Here, too, there are winners and losers. The business rates changes are a noteworthy example, aiming to shift more of the burden from brick-and-mortar retail to e-commerce, addressing one of small businesses’ long-running frustrations. The energy windfall profits tax will get a little less draconian, while business investment tax incentives will shift. But there are no major, unexpected increases.
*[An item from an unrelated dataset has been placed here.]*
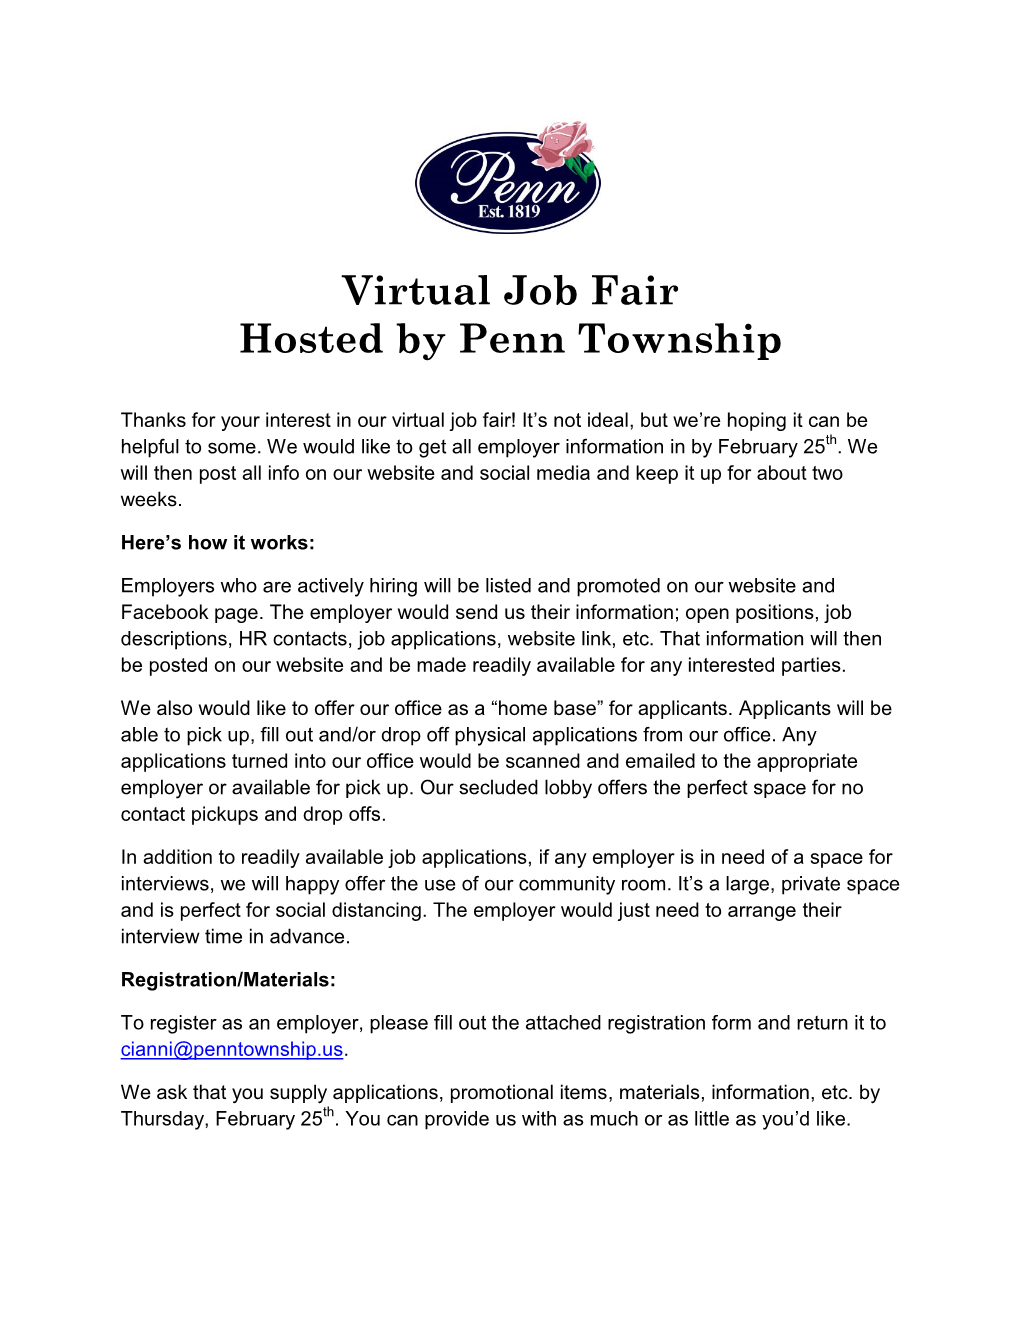 Virtual Job Fair Hosted by Penn Township

So from a broad market perspective, we don’t think this Budget is a massive negative. It lacks surprise power, and its market-related scope doesn’t look huge. Higher dividend tax rates sting, but dividends aren’t corporations’ only means of returning cash to shareholders. Stock buybacks are another option. Perhaps this Budget incentivizes more of that. And as for earnings, a lot of the UK’s publicly traded companies do business globally, which saps local taxes’ importance. Yes, domestic economic drivers matter, but the UK has a long history of tax hikes, both stealth and outright … and a long history of achieving economic growth despite this.
All fiscal policy changes create winners and losers. It is tempting to try to tally these up and weigh them against each other. But absent sweeping, unexpected change, markets tend to care more about whether a budget lowers uncertainty. For now, investors will get a break from all the speculation about potential changes. Everyone knows what they will be dealing with, which can enable markets to move on.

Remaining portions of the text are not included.